Problem to solve: Transcribe all the data below exactly, leaving its pictures out.

====== Information provided

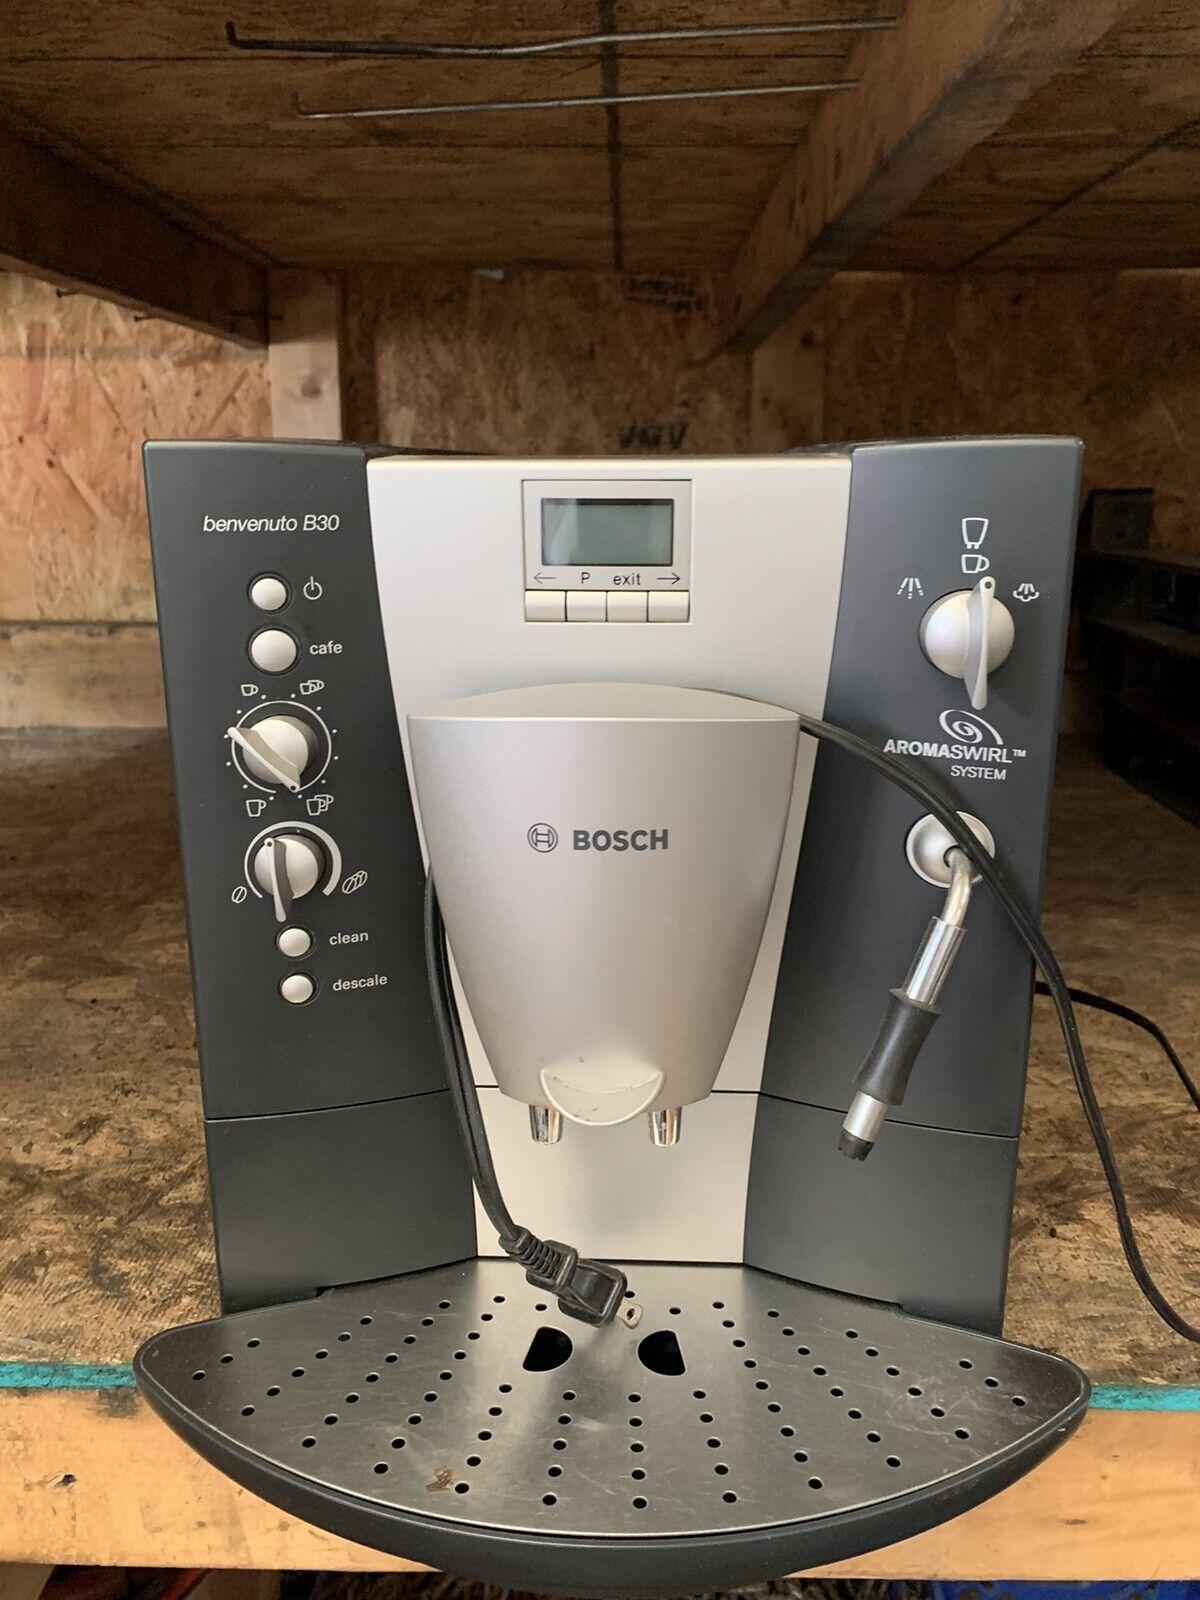 3 Water Filter Cartridge for Bosch Siemens B20 Coffee Machine
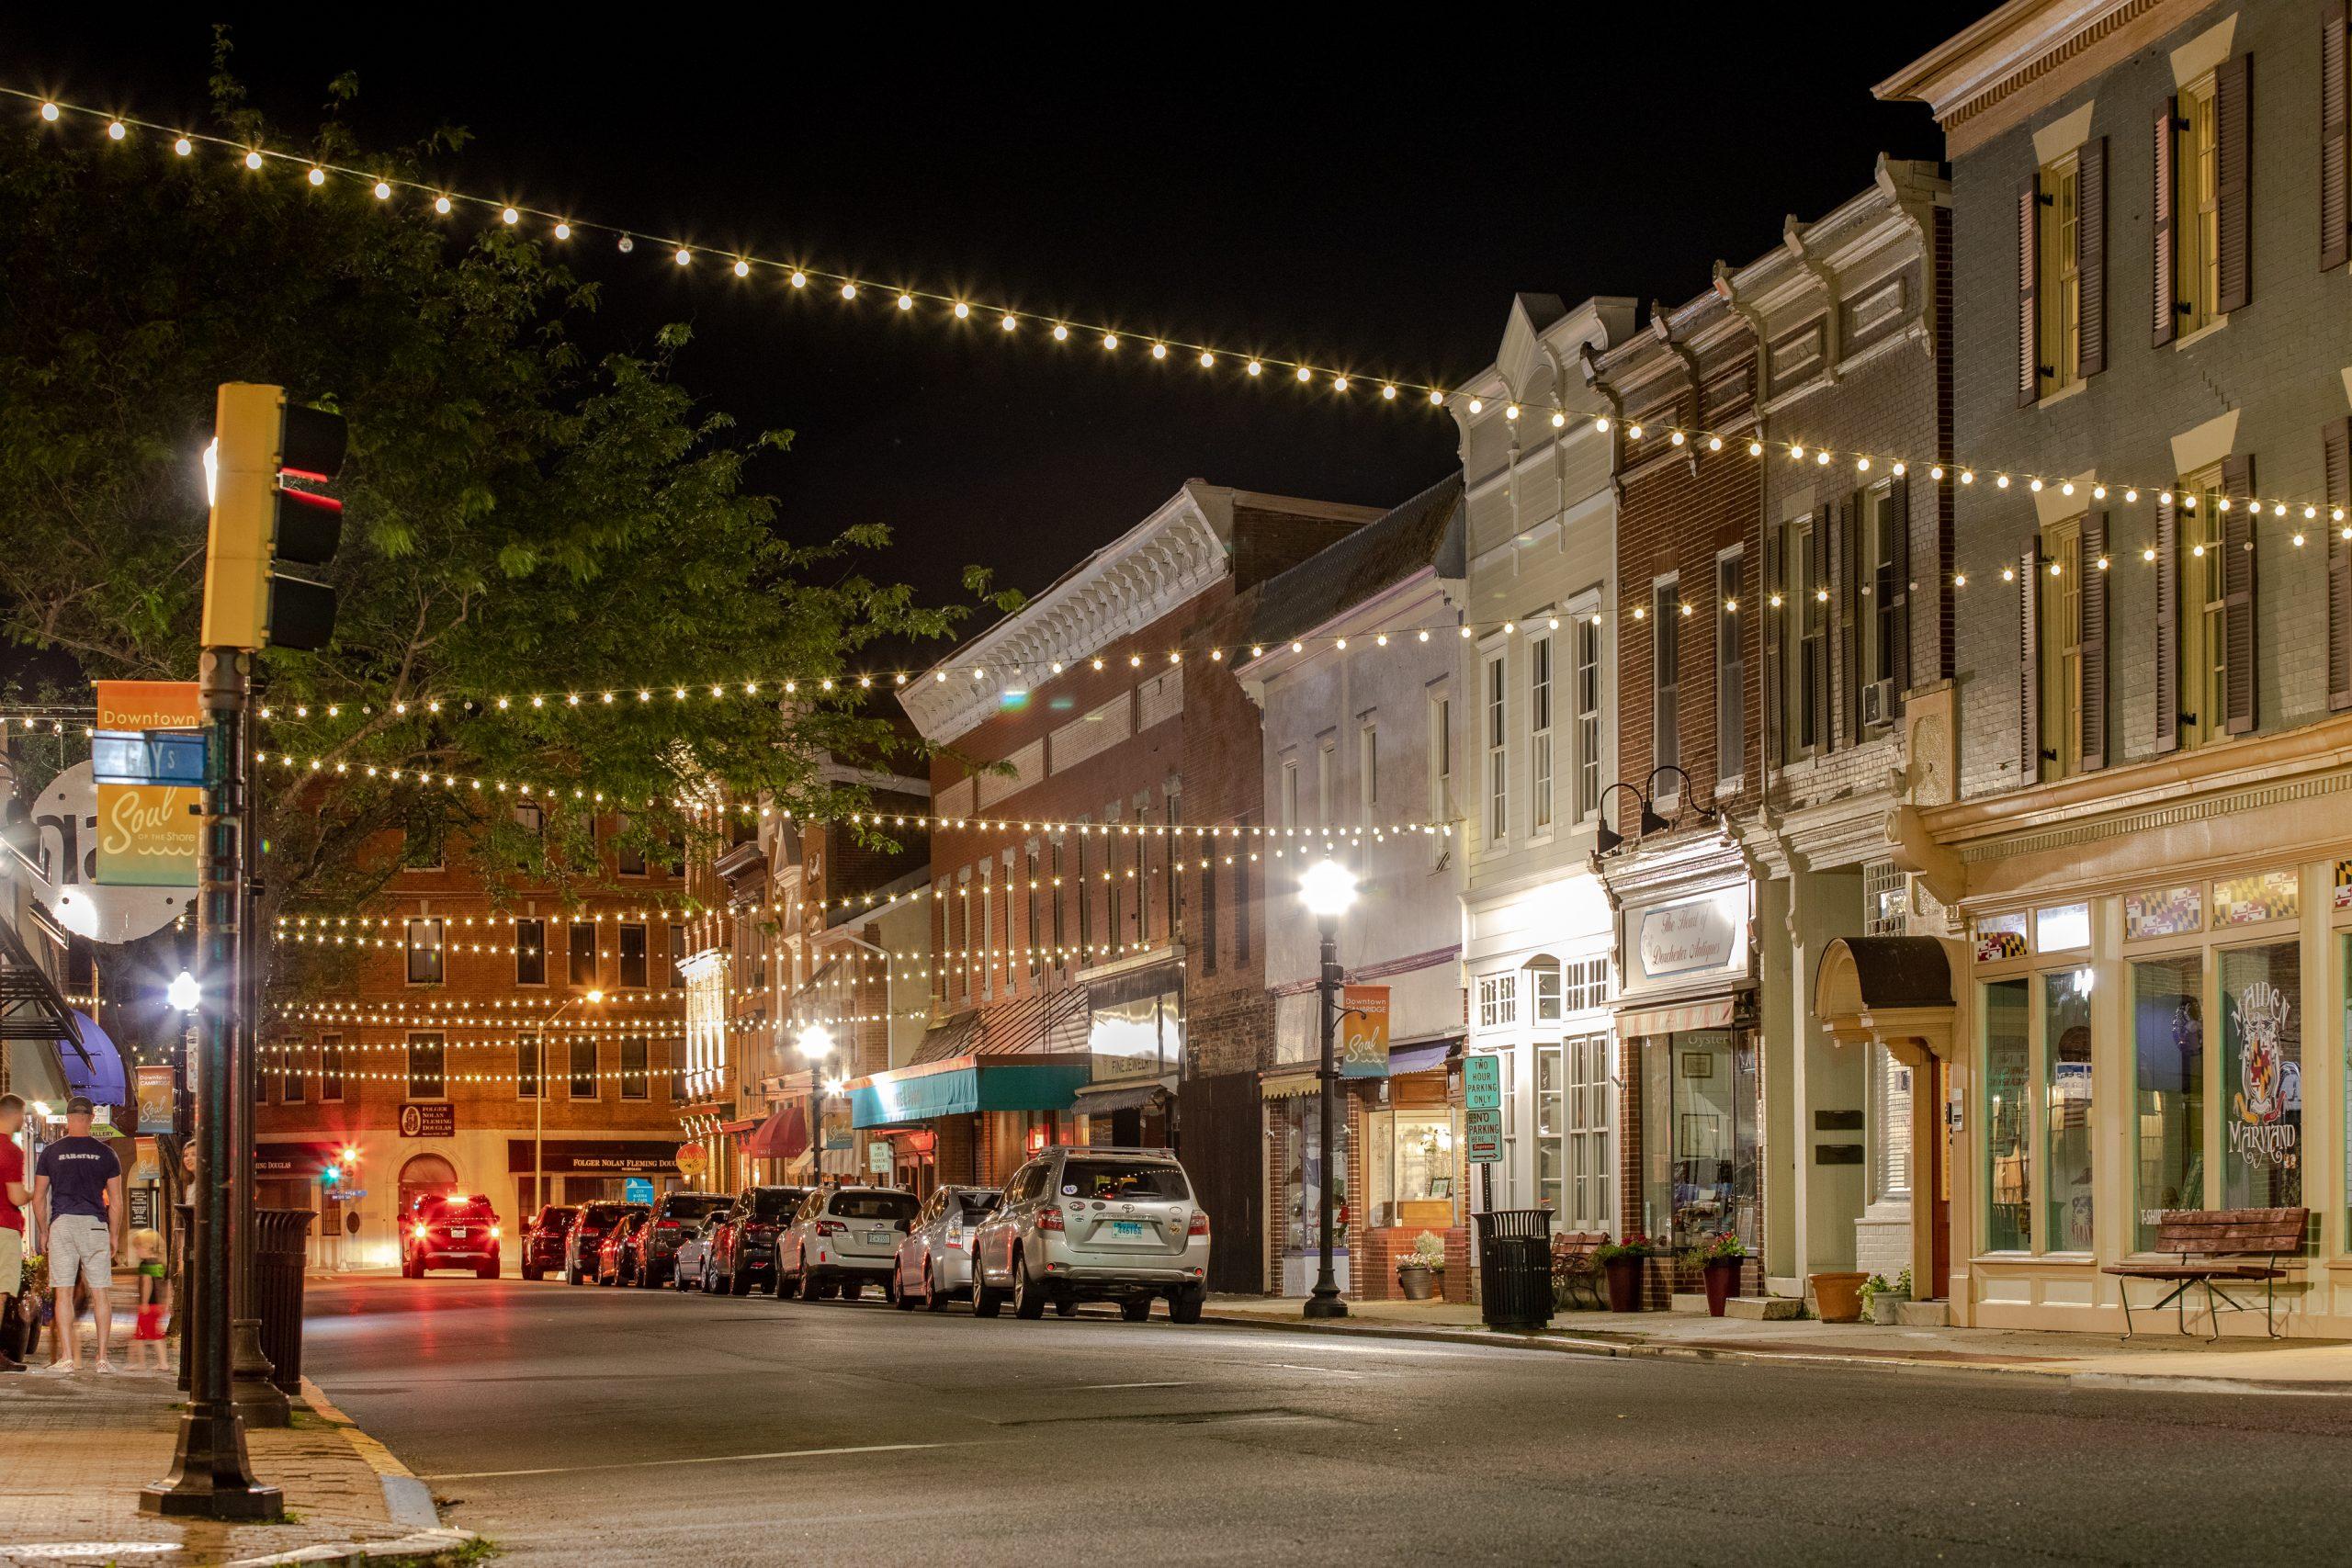 Addressing coronavirus and downtown businesses
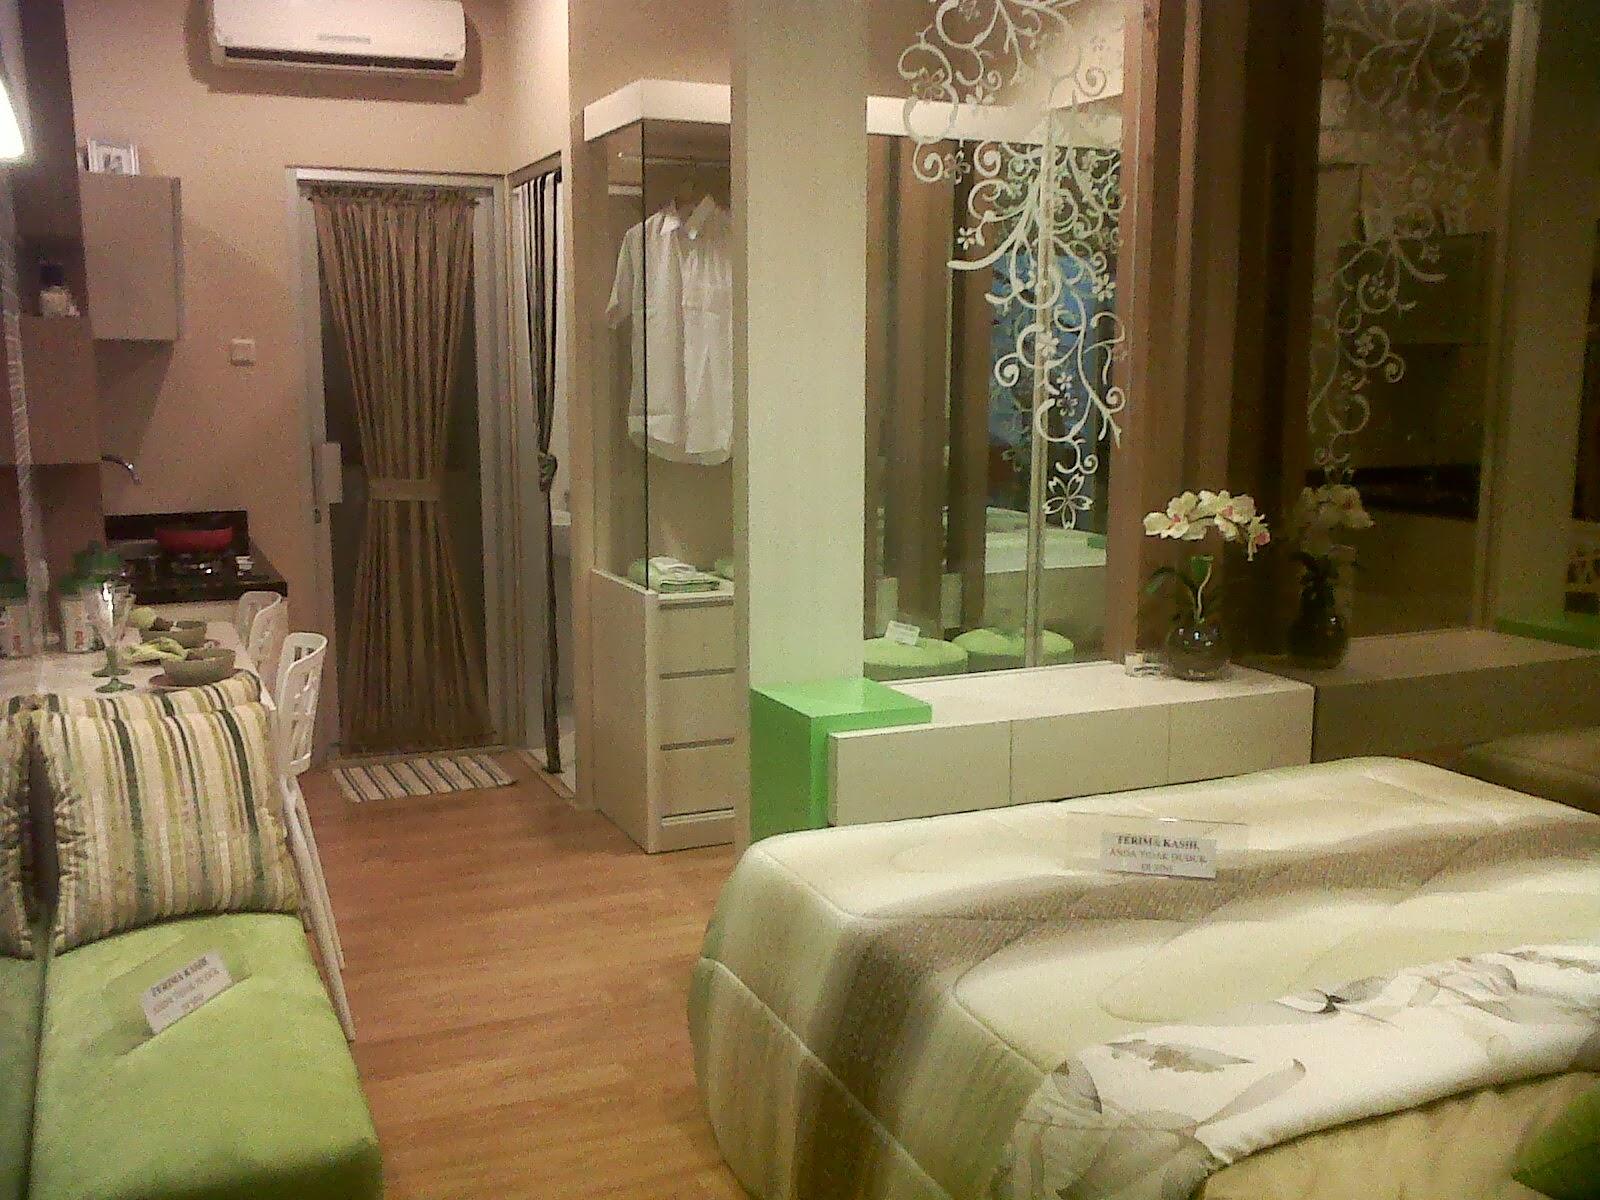 10 Hotel Bintang 5 di Bandung yang Terbaik

============

Output of the task:
 3 Water Filter Cartridge for Bosch Siemens B20 Coffee Machine
 Addressing coronavirus and downtown businesses
 10 Hotel Bintang 5 di Bandung yang Terbaik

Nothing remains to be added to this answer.